Windjammer Food Section

On discovering Meyer Lemons (one of my favorites).....
From J & E Riggin Newsletter

"In the middle of the summer, on an evening stroll through the garden, you can be almost overwhelmed by the fresh, floral and herbal scents that drift around you on a gentle breeze. In the late winter however, (which is what we’ve still got here in Maine), while we are still waiting for the first green shoots of crocus, fresh scents are harder to come by and when they are found, become such a delight. I found Meyer lemons at our local grocery store this winter and decided to see what all the fuss was about. I’d been hearing and reading about them for years, but had never used them in a recipe of my own. What a treat! Meyer lemons are more fragrant and sweeter than their counterpart. And did I say “fragrant?” Their scent is really lovely and their skin is thin and bright yellow.

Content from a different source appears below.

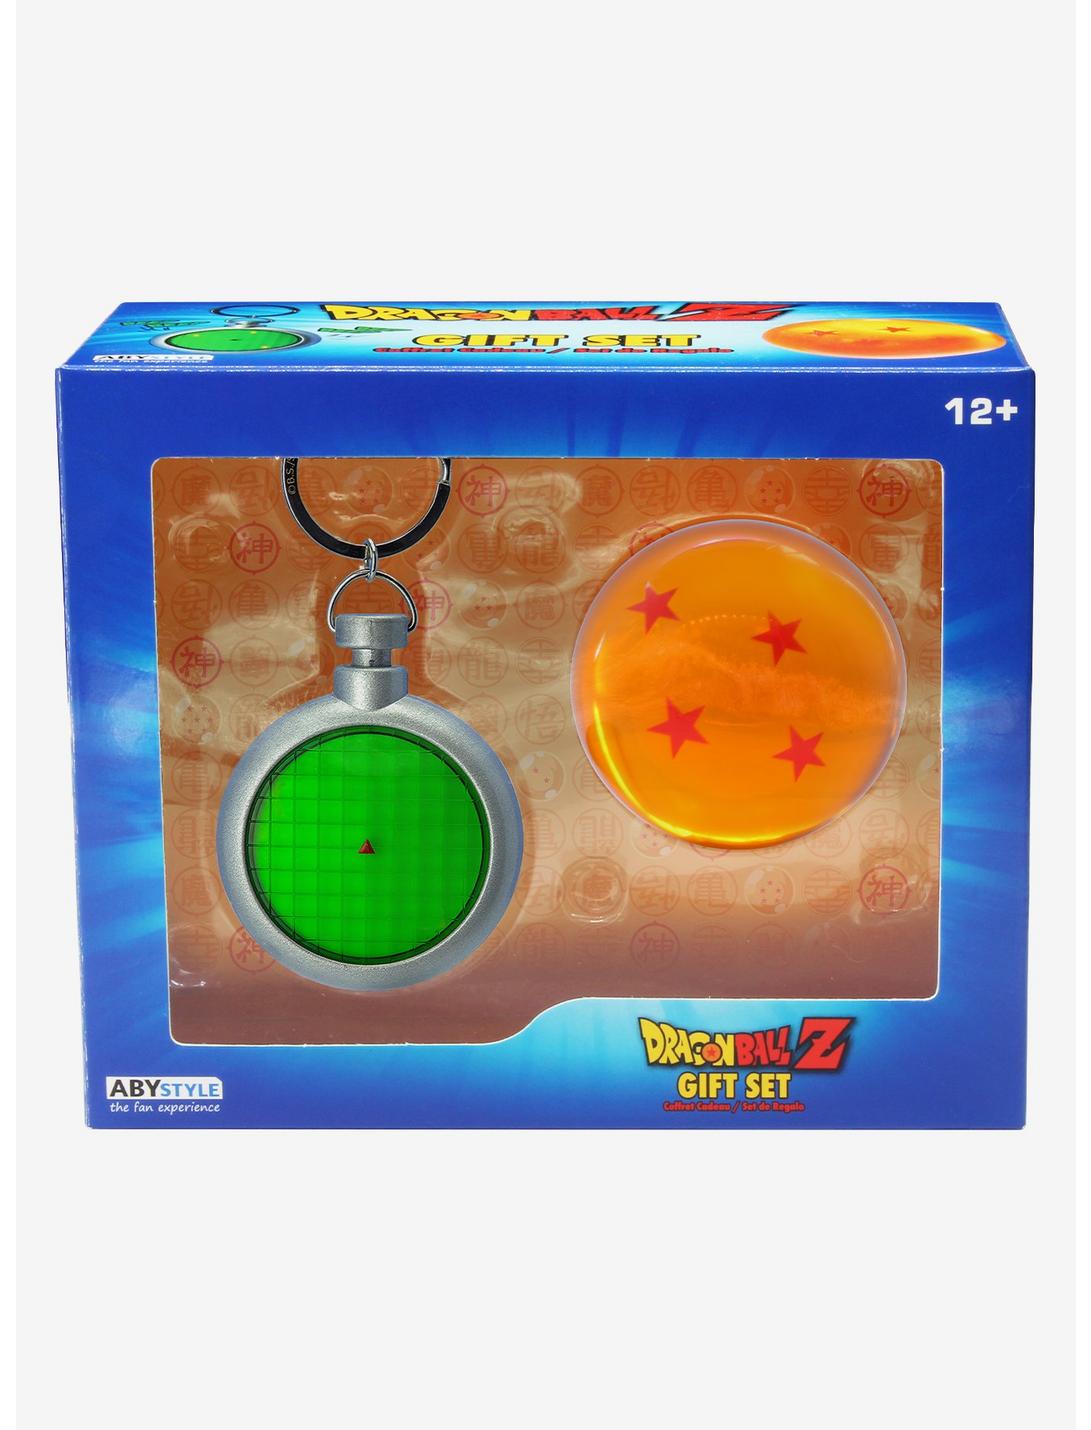 Radar Keychain & Dragon Ball Dragon Ball Gift Set

I experimented quite a bit with lemon sorbet, lemonade, lemon tarts and interestingly enough, preserved Meyer lemons. A common ingredient in Mediterranean food, especially Moroccan, they pair well with fish or chicken dishes. I especially like them paired with olives. The process of preserving the lemons takes about 10 days, and is relatively painless. They are wonderful – salty, pungent and milder than when they are fresh. They’ll change color to a more orangey hue and become a little plump, softening over time. I did experiment with regular lemons as well and while they do work and their flavor is interesting and unique, I much prefer the Meyer lemons in this case. Preserving them in this way captures a Meyer lemon’s amazing perfume. They are salty so most of the recipes call for little or no added salt."